▶ Problem details
When the data below is printed, every line must match exactly and the images must be absent.

▶ The data

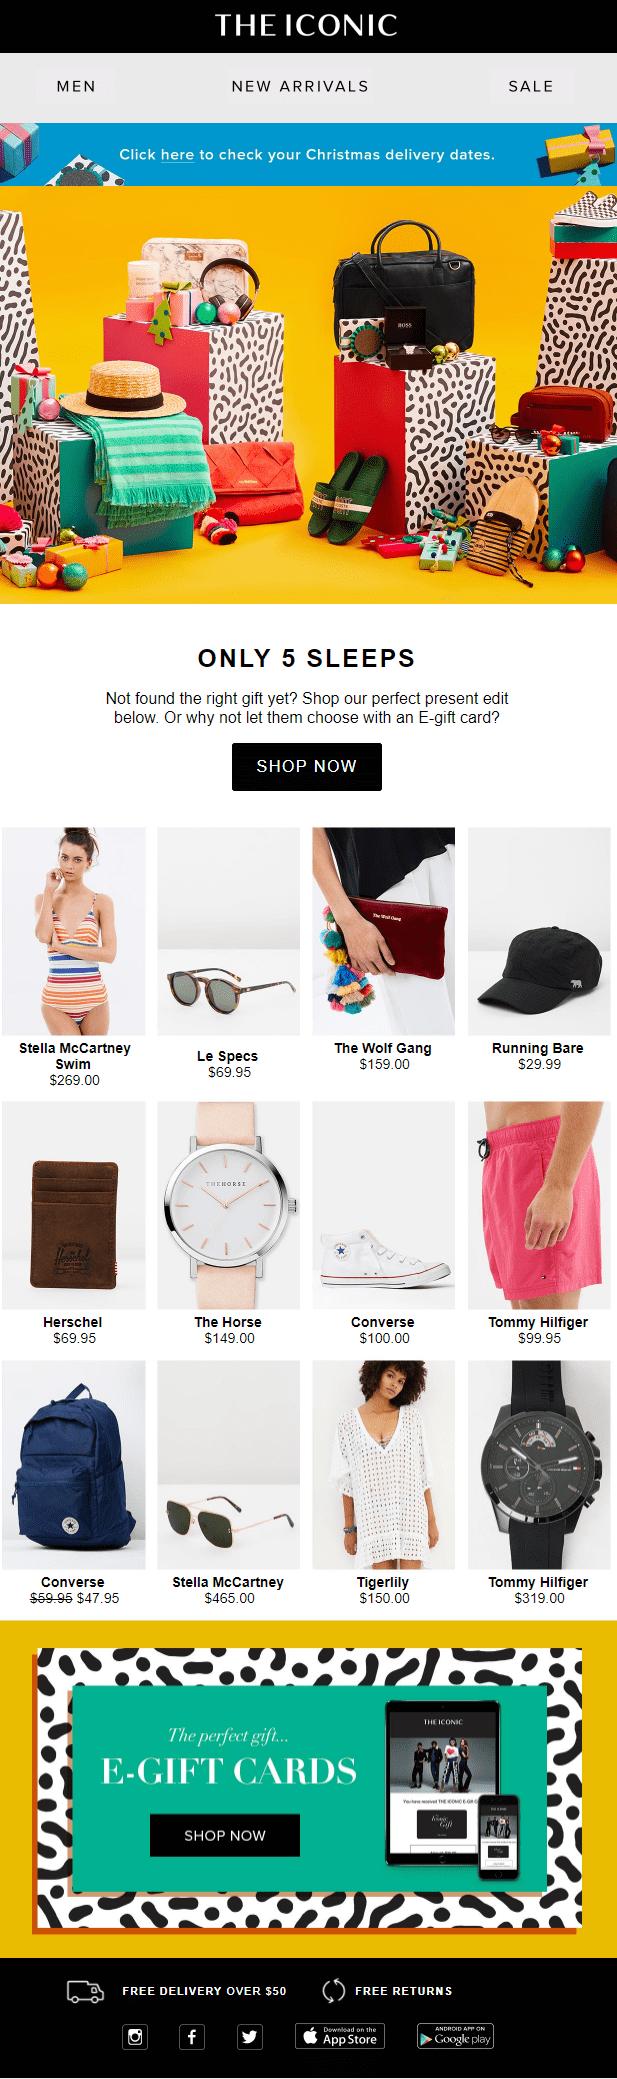 the iconic fashion email newsletter mens womens fashion segmentation christmas holiday
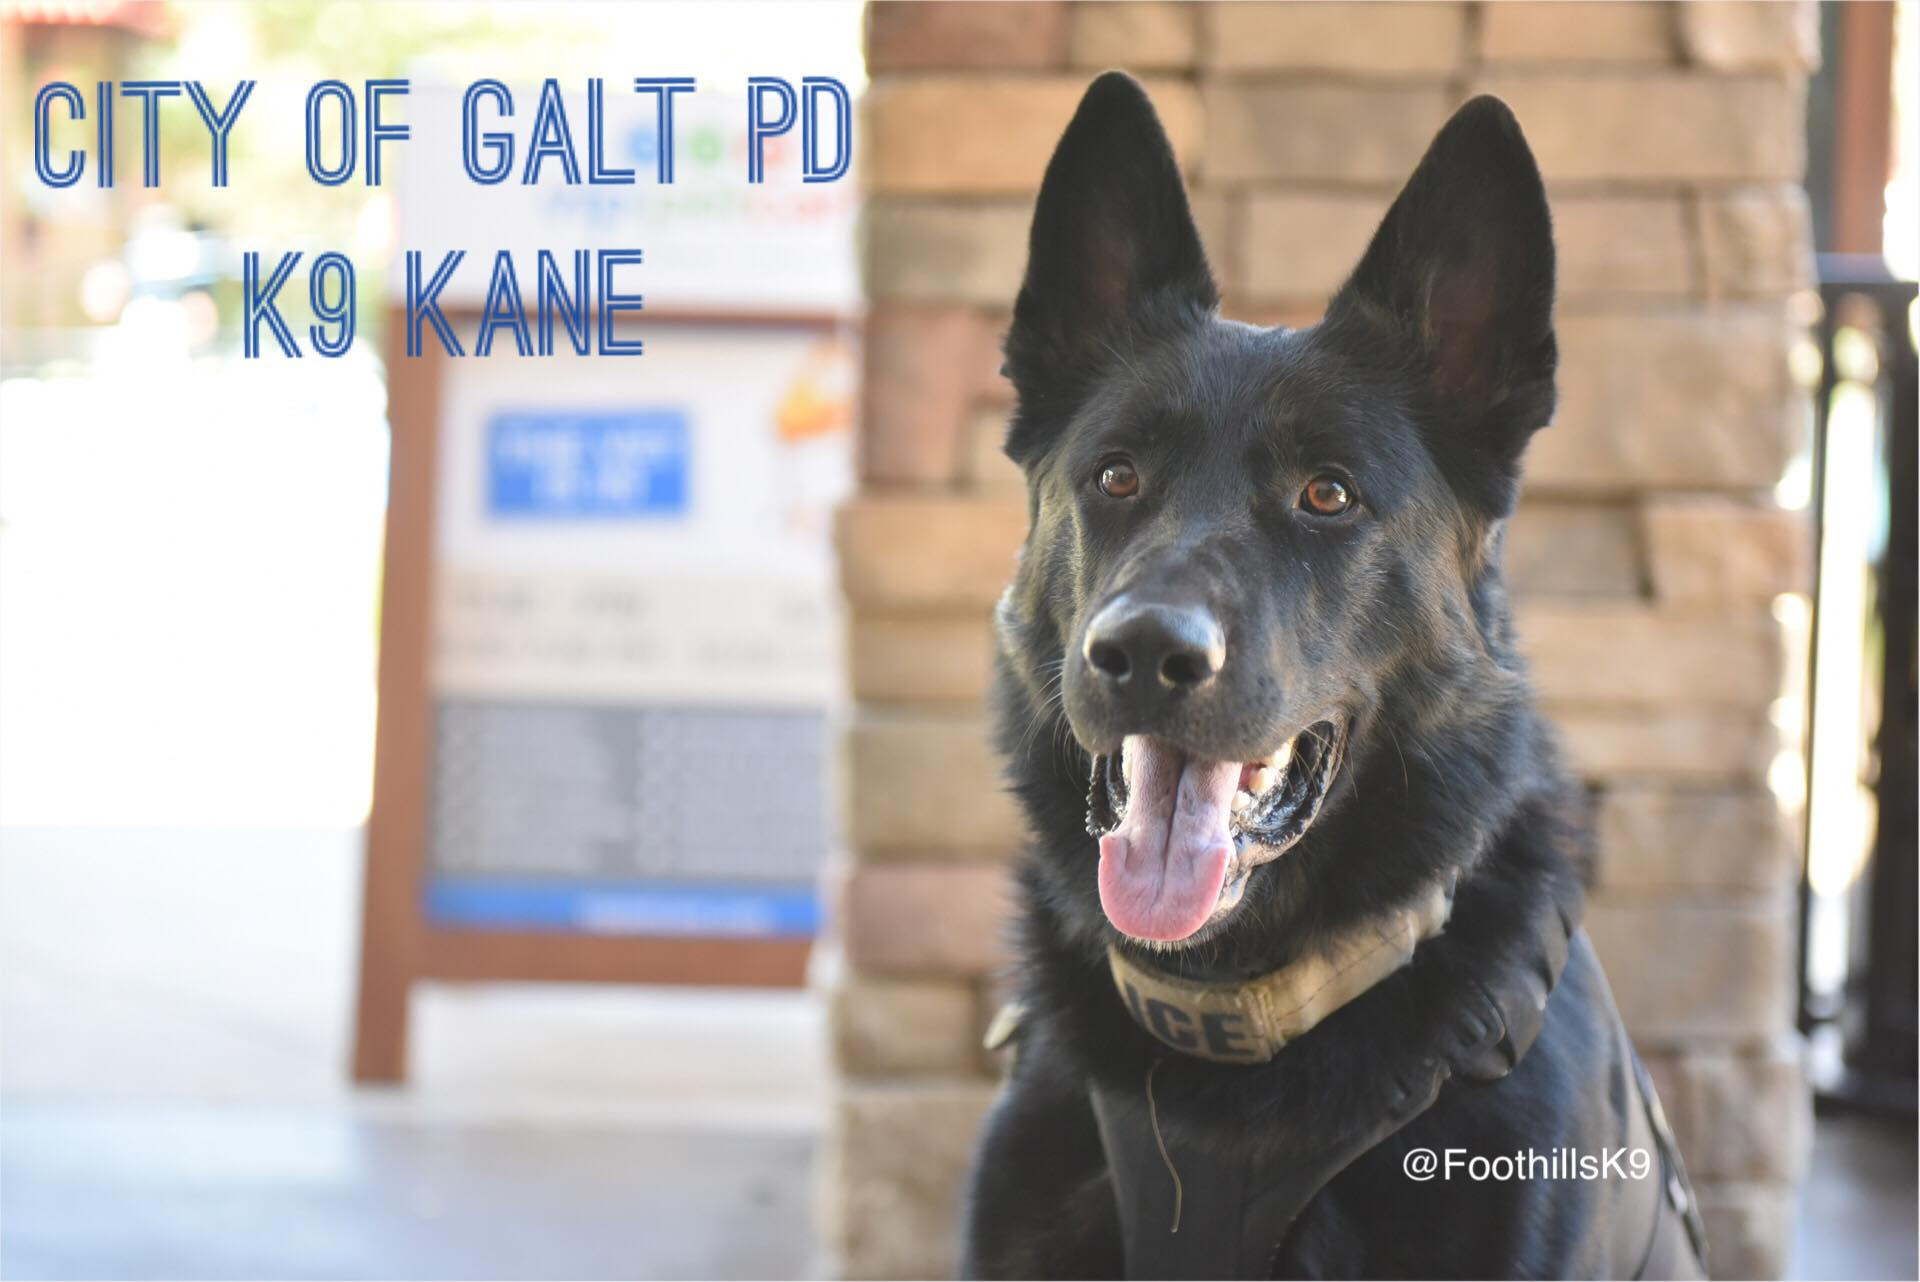 K9 Kane | New Protective Gear, Safer Days
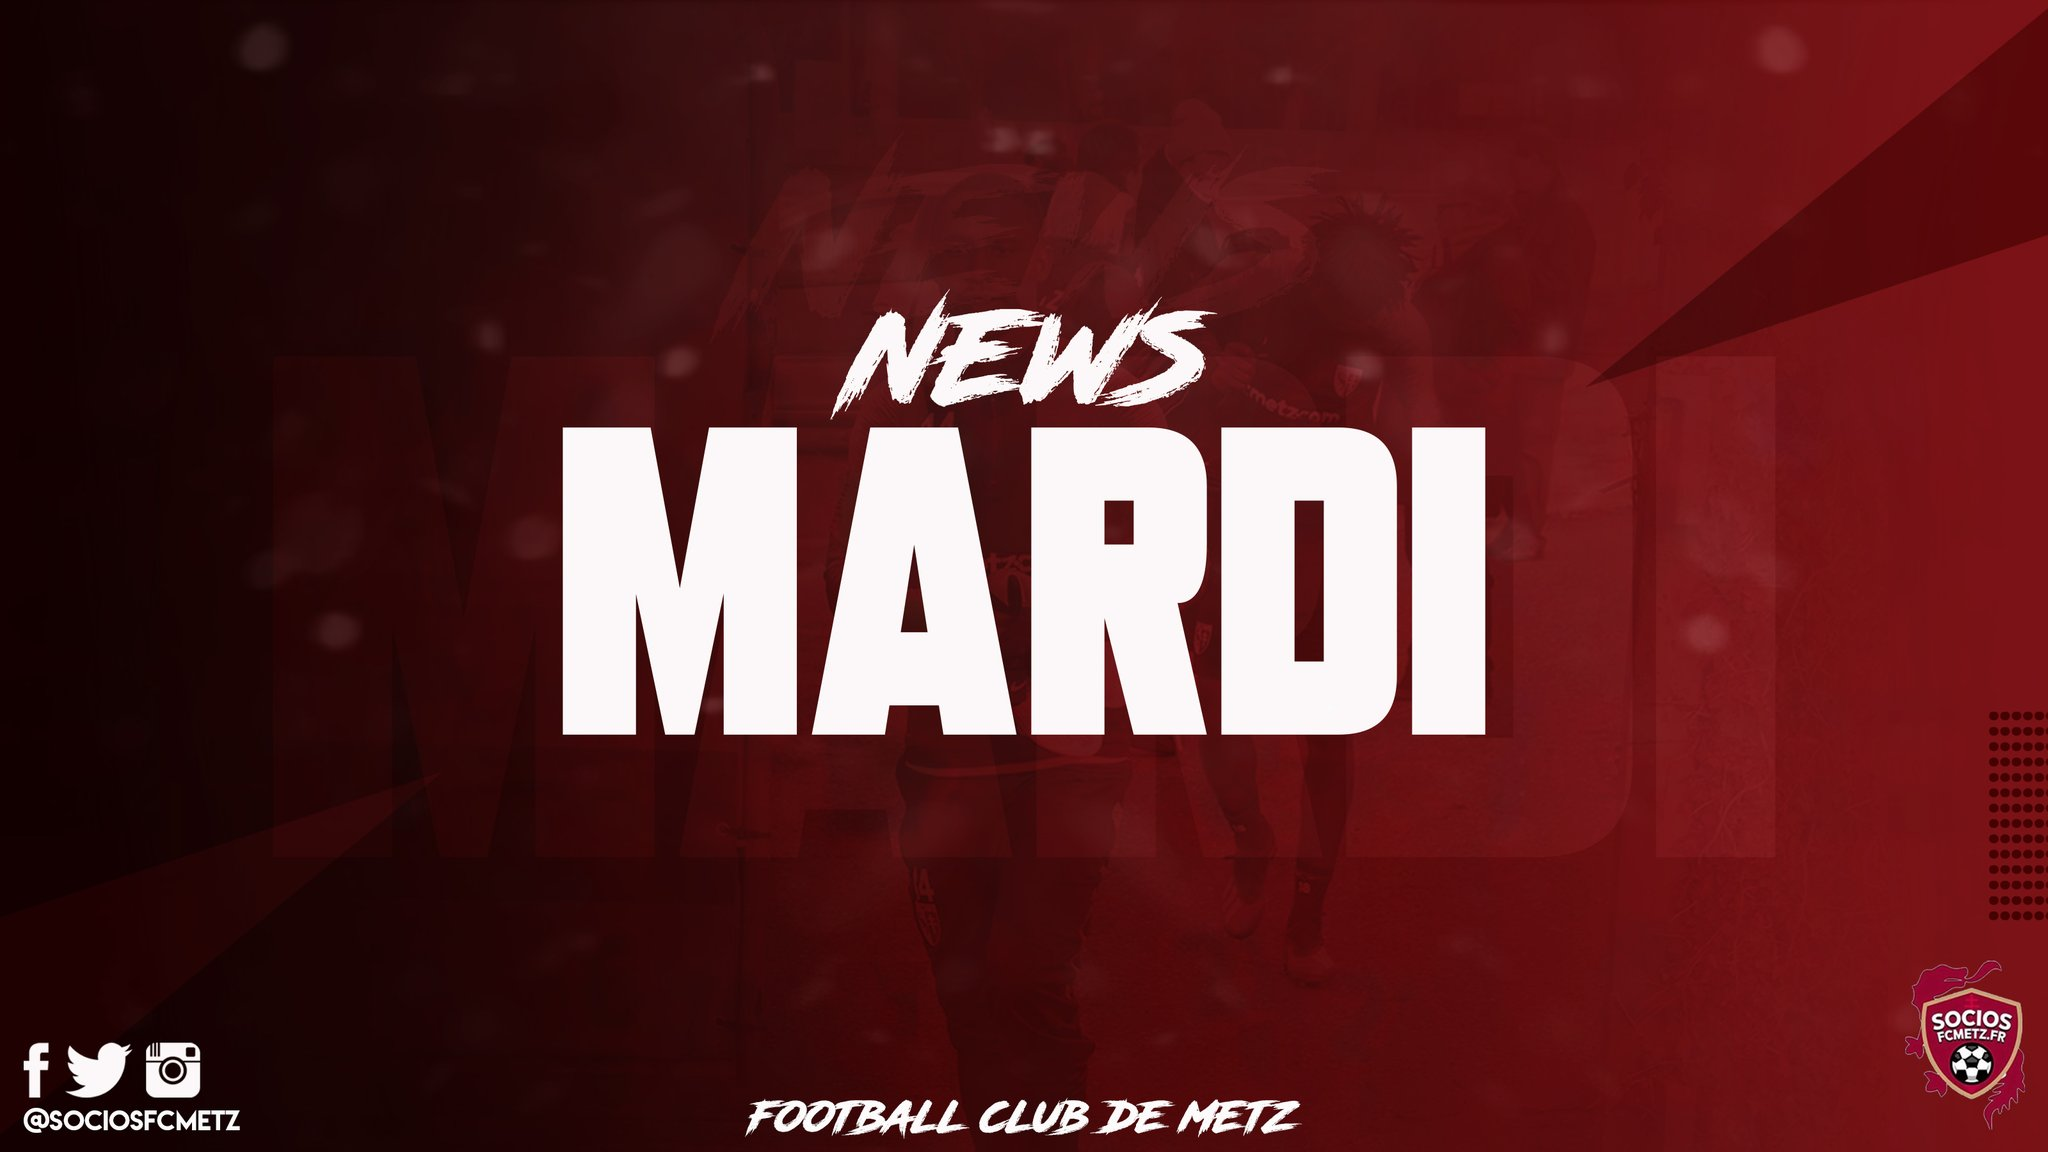 news mardi
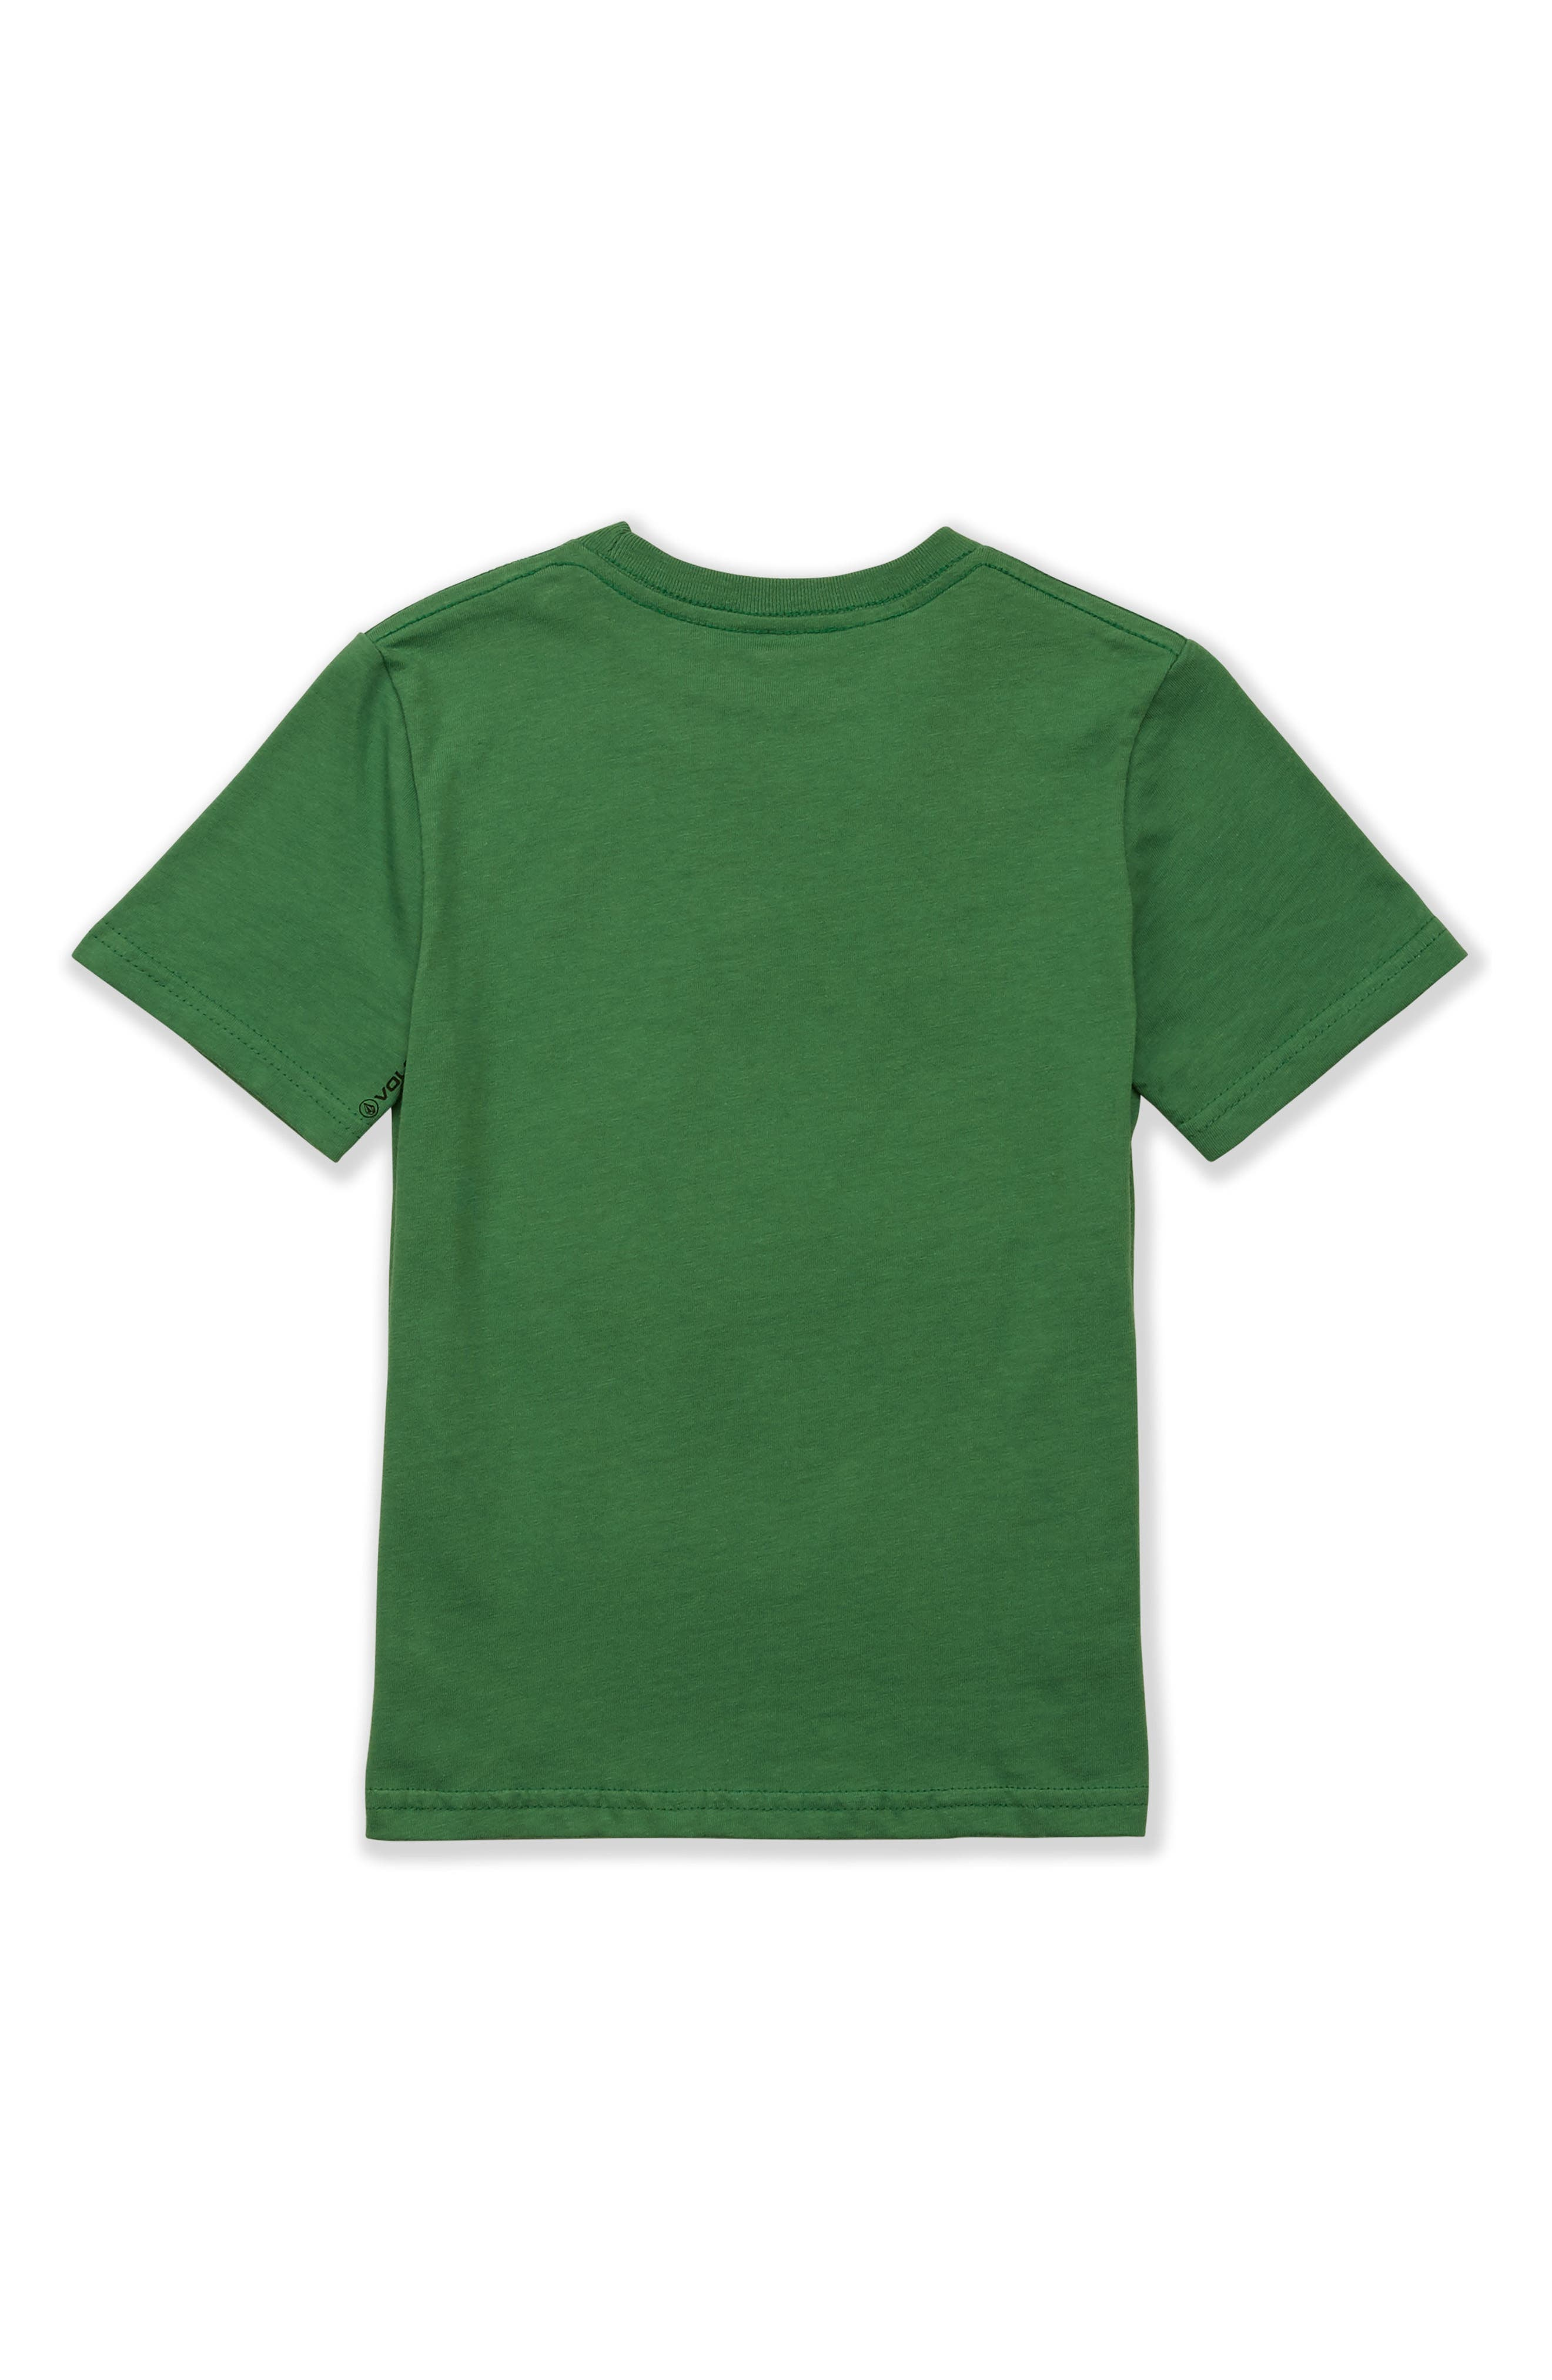 Crisp Stone Logo Graphic T-Shirt,                             Alternate thumbnail 2, color,                             DARK KELLY

▶ Response to this exercise
 the iconic fashion email newsletter mens womens fashion segmentation christmas holiday
 K9 Kane | New Protective Gear, Safer Days
 news mardi
 Crisp Stone Logo Graphic T-Shirt,                             Alternate thumbnail 2, color,                             DARK KELLY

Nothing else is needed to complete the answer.